Start of SOURCE MATERIAL

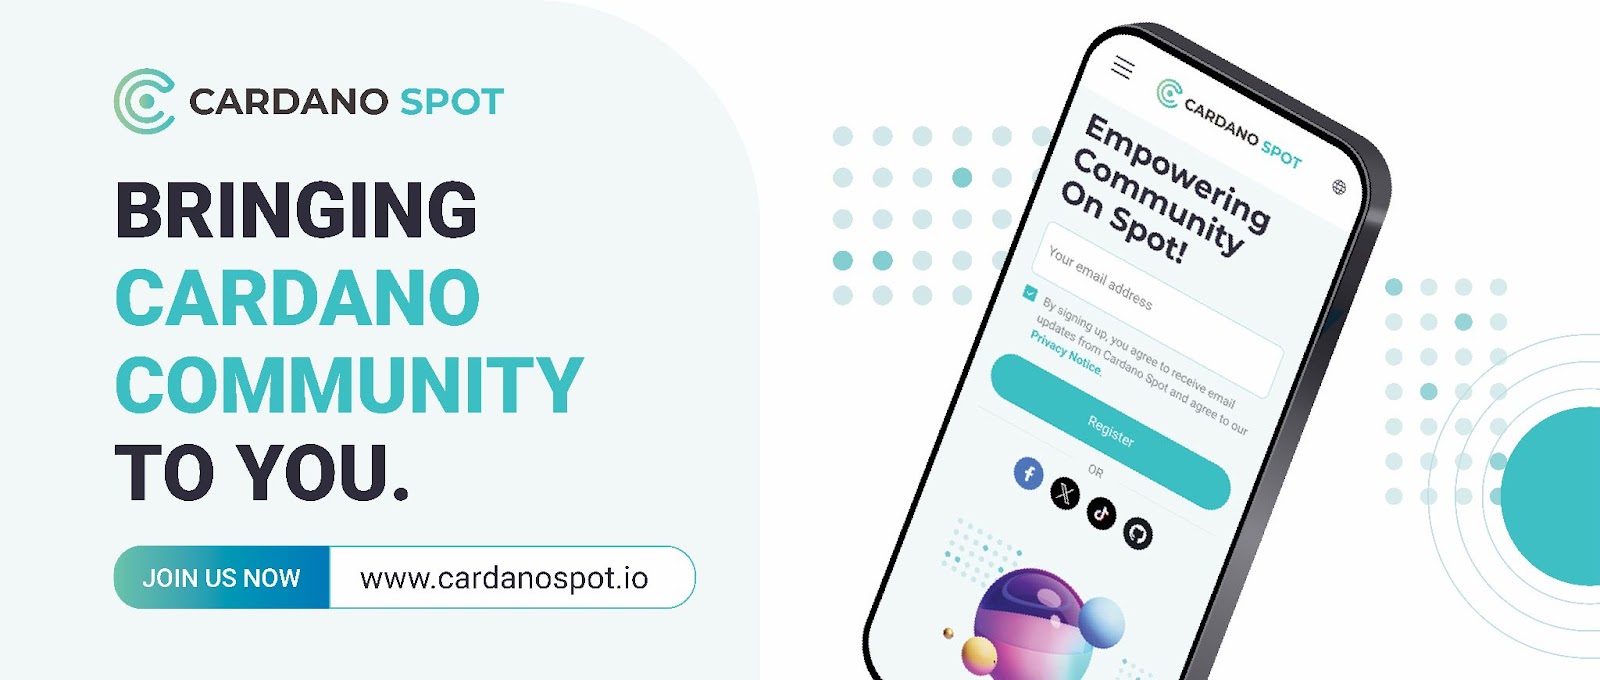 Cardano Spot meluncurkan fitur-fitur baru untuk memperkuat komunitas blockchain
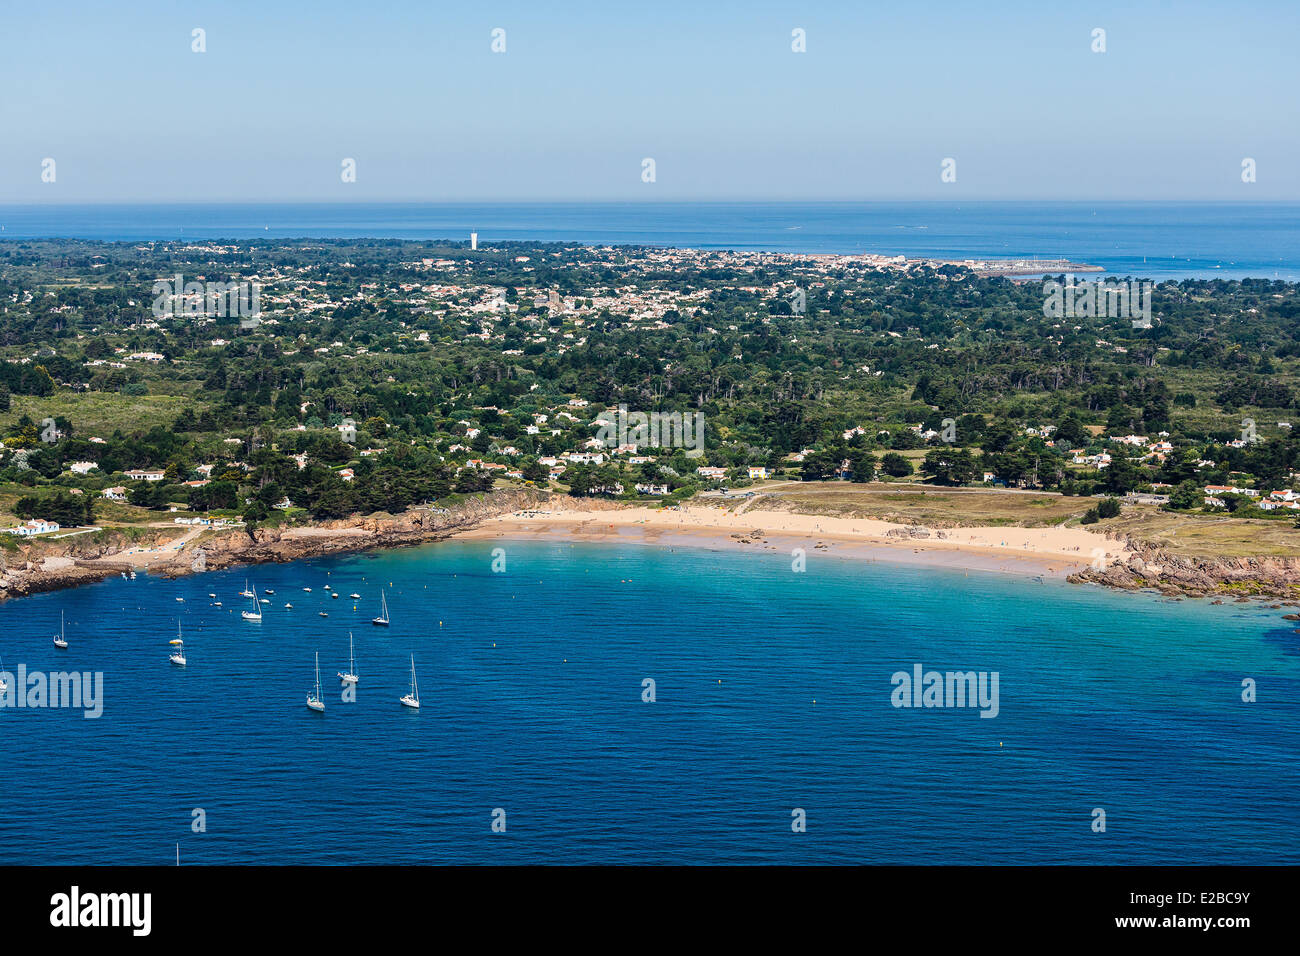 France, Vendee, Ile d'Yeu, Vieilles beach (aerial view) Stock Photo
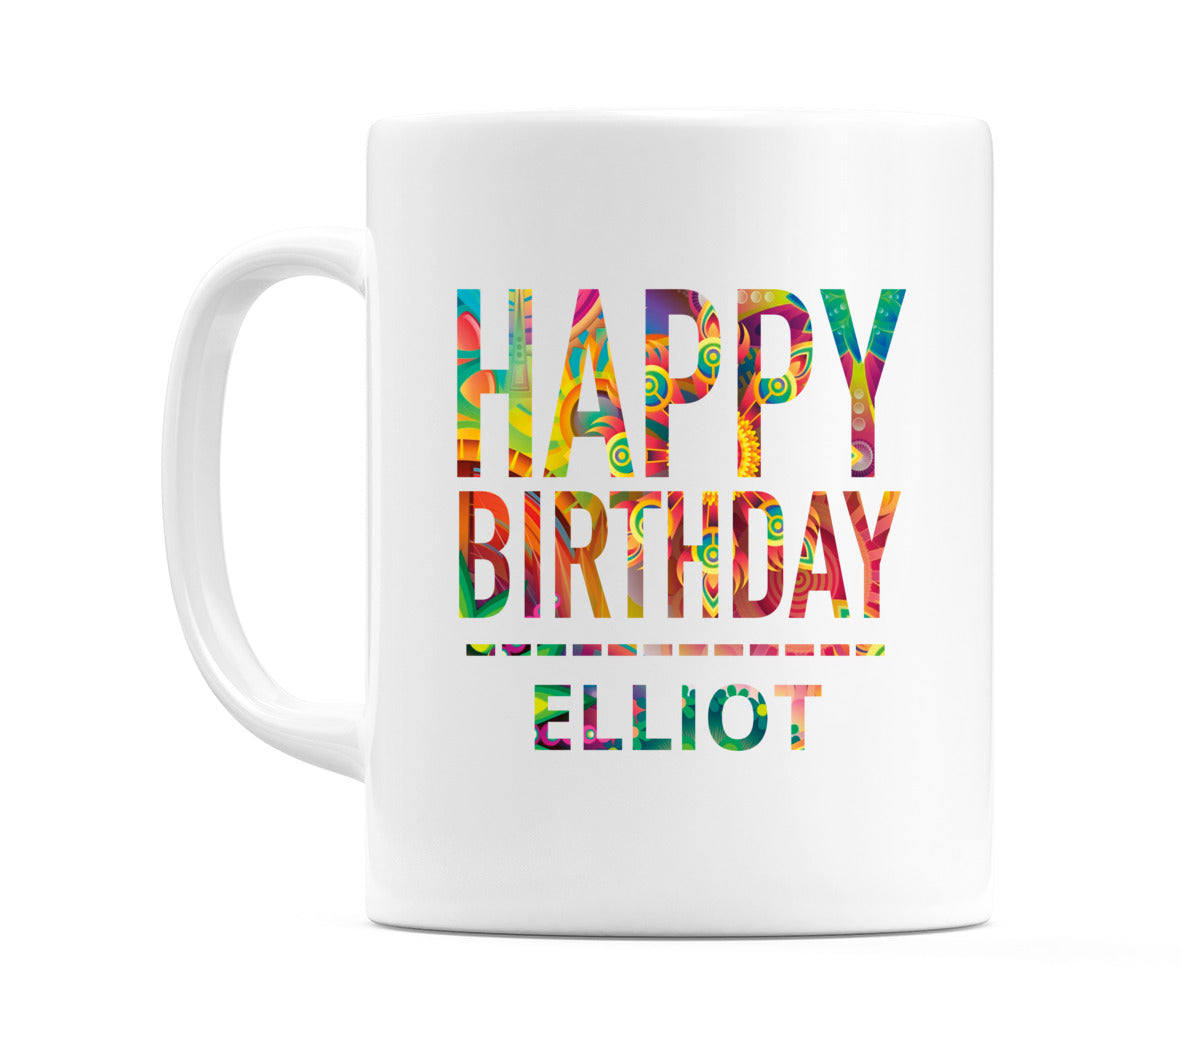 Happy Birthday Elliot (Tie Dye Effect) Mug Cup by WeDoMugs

End of SOURCE MATERIAL

**TASK TO COMPLETE**
Strip out the pictures and repeat the listing above exactly.

**SOLUTION**
 Cardano Spot meluncurkan fitur-fitur baru untuk memperkuat komunitas blockchain
 France, Vendee, Ile d'Yeu, Vieilles beach (aerial view) Stock Photo
 Happy Birthday Elliot (Tie Dye Effect) Mug Cup by WeDoMugs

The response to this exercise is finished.